To use these programs in the probability calculus, we must figure out how to convert a Python program into a more convenient mathematical object - say, a probability distribution.

Suppose I want to know the combined probability that the sequence observed will be RWWRR, according to program 2 above.  Program 2 does not have a direct faculty for returning the joint or combined probability of a sequence, but it is easy to extract anyway.  First, I ask what probability program 2 assigns to observing R, given that no balls have been observed.  Program 2 replies "1/2".  Then I ask the probability that the next ball is R, given that one red ball has been observed; program 2 replies "2/3".  The second ball is actually white, so the joint probability so far is 1/2 * 1/3 = 1/6.  Next I ask for the probability that the third ball is red, given that the previous observation is RW; this is summarized as "one red and one white ball", and the answer is 1/2.  The third ball is white, so the joint probability for RWW is 1/12.  For the fourth ball, given the previous observation RWW, the probability of redness is 2/5, and the joint probability goes to 1/30.  We can write this as p(RWWR|RWW) = 2/5, which means that if the sequence so far is RWW, the probability assigned by program 2 to the sequence continuing with R and forming RWWR equals 2/5.  And then p(RWWRR|RWWR) = 1/2, and the combined probability is 1/60.
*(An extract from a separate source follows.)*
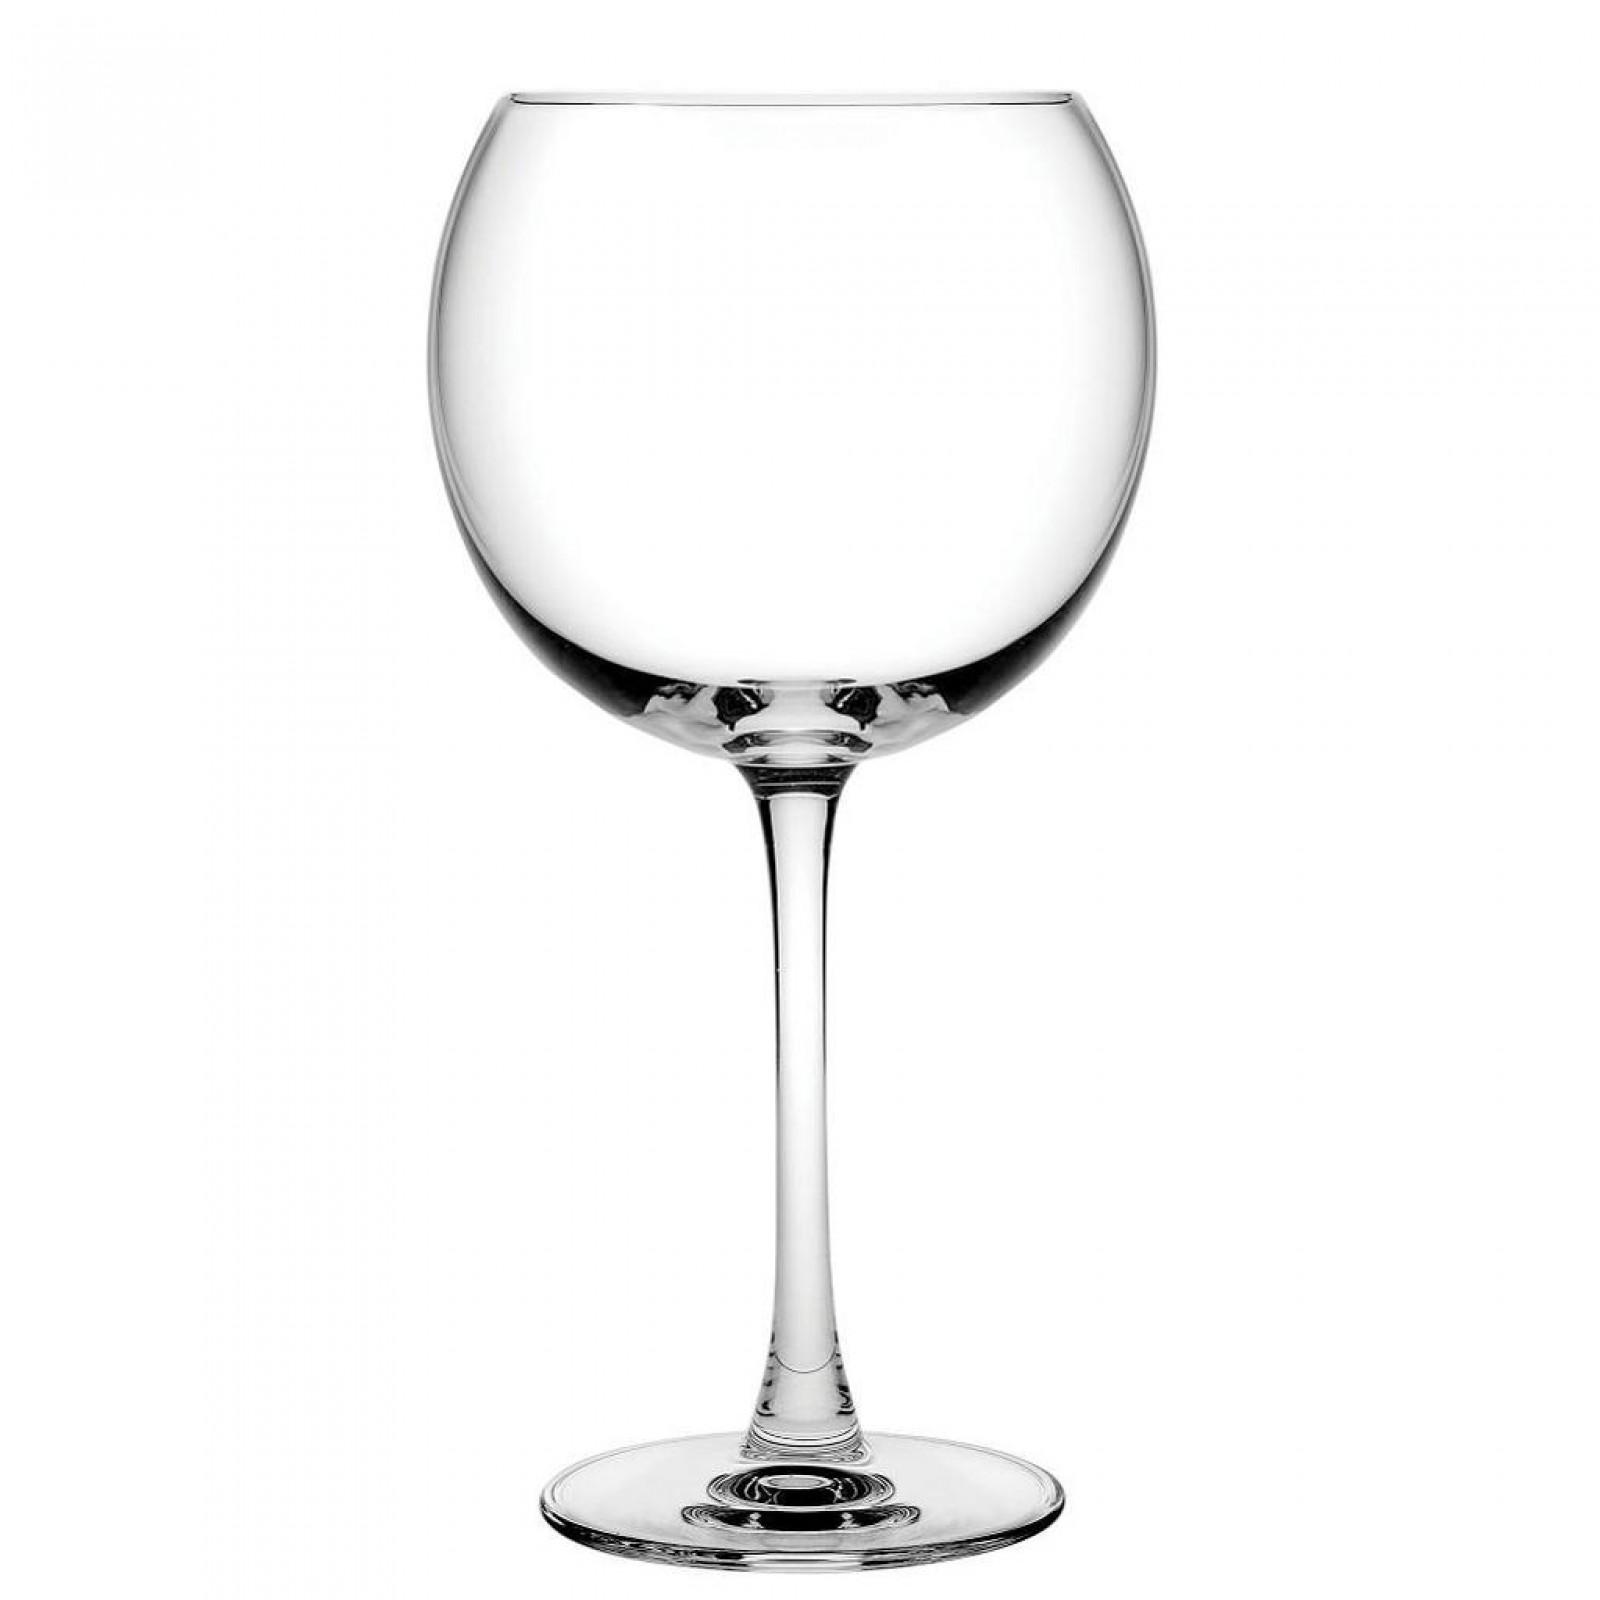 Ποτήρια Κόκκινου Κρασιού Reserva 700 ml (Σετ των 6) - Nude Glass

We can do this with every possible sequence of ten balls, and end up with a table of 1024 entries.  This table of 1024 entries constitutes a probability distribution over sequences of observations of length 10, and it says everything the Python program had to say (about 10 or fewer observations, anyway).  Suppose I have only this probability table, and I want to know the probability that the third ball is red, given that the first two balls drawn were white.  I need only sum over the probability of all entries beginning with WWR, and divide by the probability of all entries beginning with WW.

We have thus transformed a program that computes the probability of future events given past experiences, into a probability distribution over sequences of observations.

You wouldn't want to do this in real life, because the Python program is ever so much more compact than a table with 1024 entries.  The point is not that we can turn an efficient and compact computer program into a bigger and less efficient giant lookup table; the point is that we can view an inductive learner as a mathematical object, a distribution over sequences, which readily fits into standard probability calculus.  We can take a computer program that reasons from experience and think about it using probability theory.

Why might this be convenient?  Say that I'm not sure which of these three scenarios best describes the urn - I think it's about equally likely that each of the three cases holds true.  How should I reason from my actual observations of the urn?  If you think about the problem from the perspective of constructing a computer program that imitates my inferences, it looks complicated - we have to juggle the relative probabilities of each hypothesis, and also the probabilities within each hypothesis.  If you think about it from the perspective of probability theory, the obvious thing to do is to add up all three distributions with weightings of 1/3 apiece, yielding a new distribution (which is in fact correct).  Then the task is just to turn this new distribution into a computer program, which turns out not to be difficult.

So that is what a prior really is - a mathematical object that represents all of your starting information plus the way you learn from experience.